Radionuclide Ionization in Protoplanetary Disks: Calculations of Decay Product Radiative Transfer

TL;DR

This paper derives simple analytic solutions for ionization rates from short-lived radionuclide decay in protoplanetary disks, accounting for radiative transfer and disk properties, highlighting the significance of SLRs compared to cosmic rays.

Contribution

It introduces analytic models for SLR-induced ionization in disks, including radiative transfer effects and simple expressions for different disk geometries.

Findings

SLR ionization rates are typically (1-10)×10^{-19} s^{-1}.

Ionization rates depend on disk surface density and evolve over time.

Radiative transfer effects become significant at large disk radii.

Abstract

We present simple analytic solutions for the ionization rate $\zeta_{\rm{SLR}}$ arising from the decay of short-lived radionuclides (SLRs) within protoplanetary disks.
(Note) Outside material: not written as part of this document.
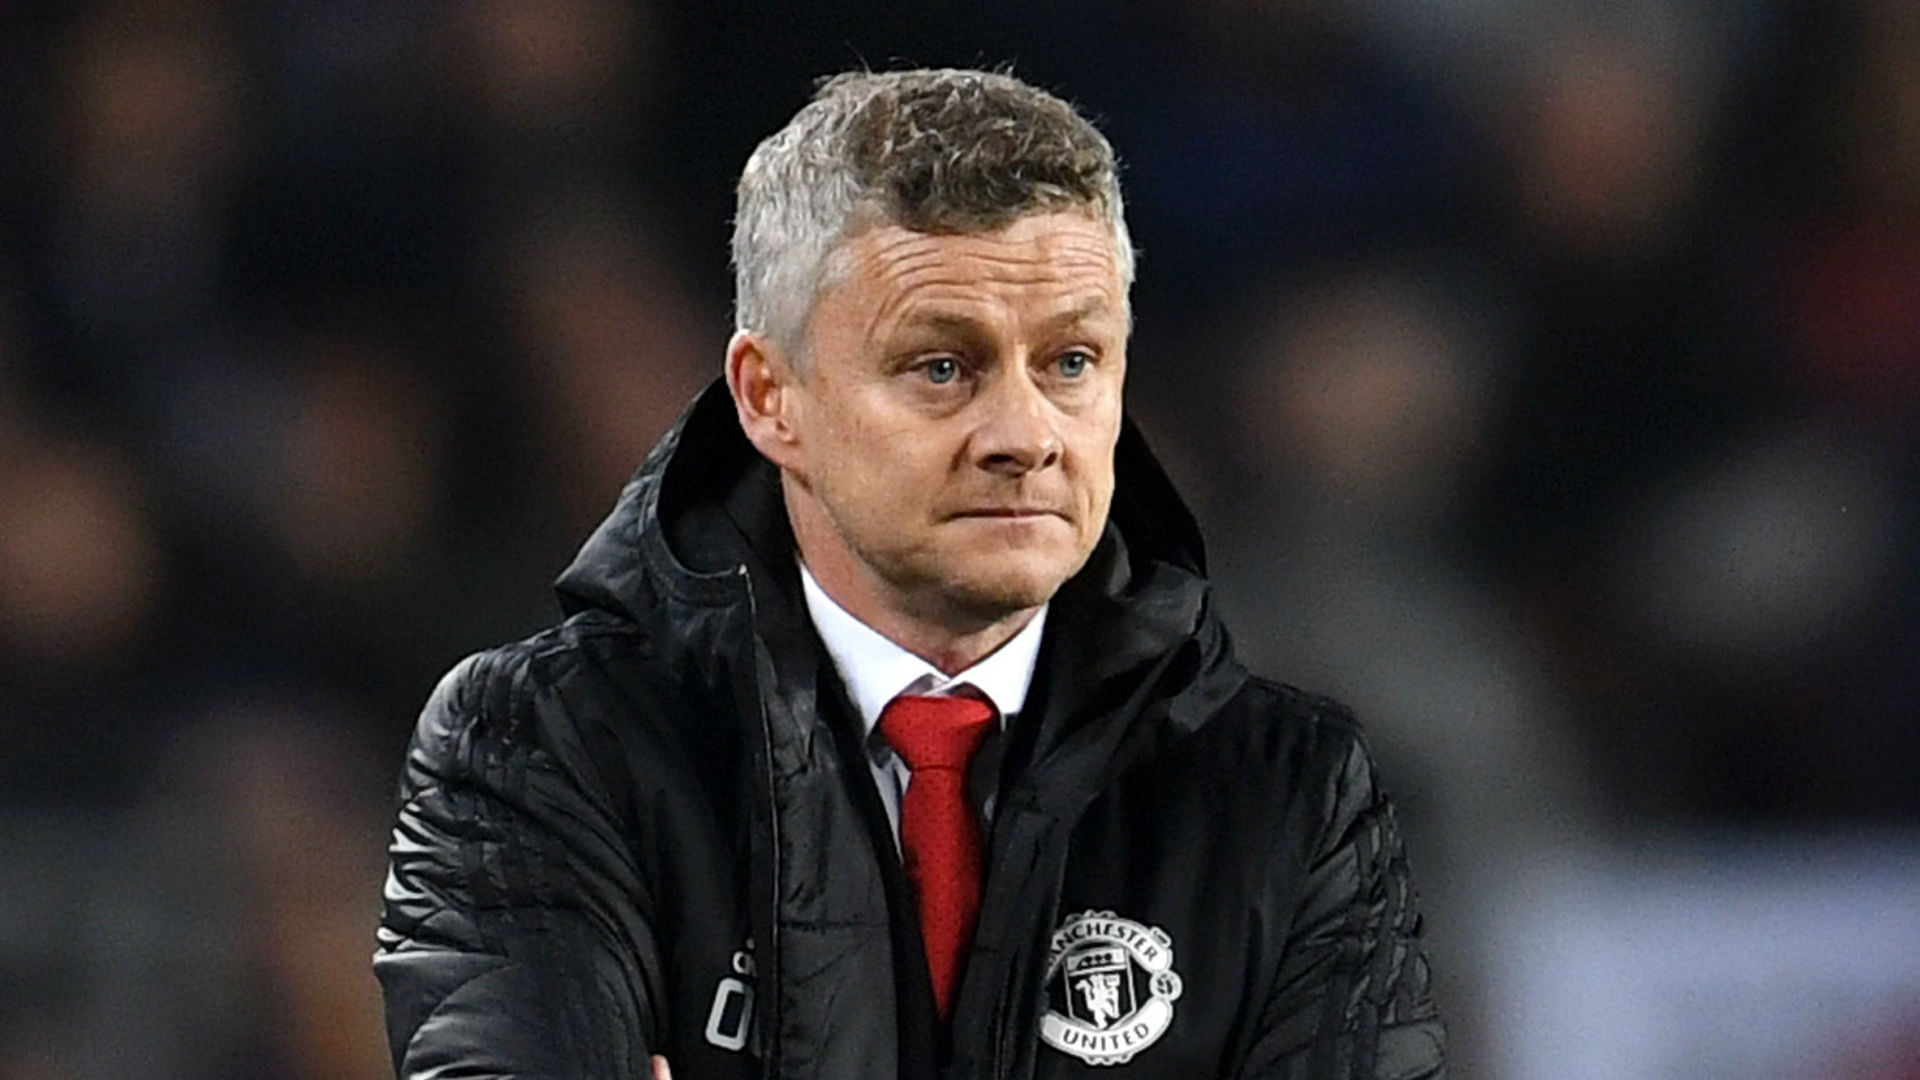 ole gunnar solskjaer cropped a8jd73az6yfy12tj9ry1gu73b - EPL: Solskjaer warned about Man Utd's possible relegation

We solve the radiative transfer problem for the decay products within the disk, and thereby allow for the loss of radiation at low disk surface densities; energy loss becomes important outside $R\gtrsim30$ for typical disk masses $M_g=0.04$ M$_\odot$. Previous studies of chemistry/physics in these disks have neglected the impact of ionization by SLRs, and often consider only cosmic rays (CRs), because of the high CR-rate present in the ISM. However, recent work suggests that the flux of CRs present in the circumstellar environment could be substantially reduced by relatively modest stellar winds, resulting in severely modulated CR ionization rates, $\zeta_{\rm{CR}}$, equal to or substantially below that of SLRs ($\zeta_{\rm{SLR}}\lesssim10^{-18}$ s$^{-1}$). We compute the net ionizing particle fluxes and corresponding ionization rates as a function of position within the disk for a variety of disk models. The resulting expressions are especially simple for the case of vertically gaussian disks (frequently assumed in the literature). Finally, we provide a power-law fit to the ionization rate in the midplane as a function of gas disk surface density and time. Depending on location in the disk, the ionization rates by SLRs are typically in the range $\zeta_{\rm{SLR}}\sim(1-10)\times10^{-19}$ s$^{-1}$.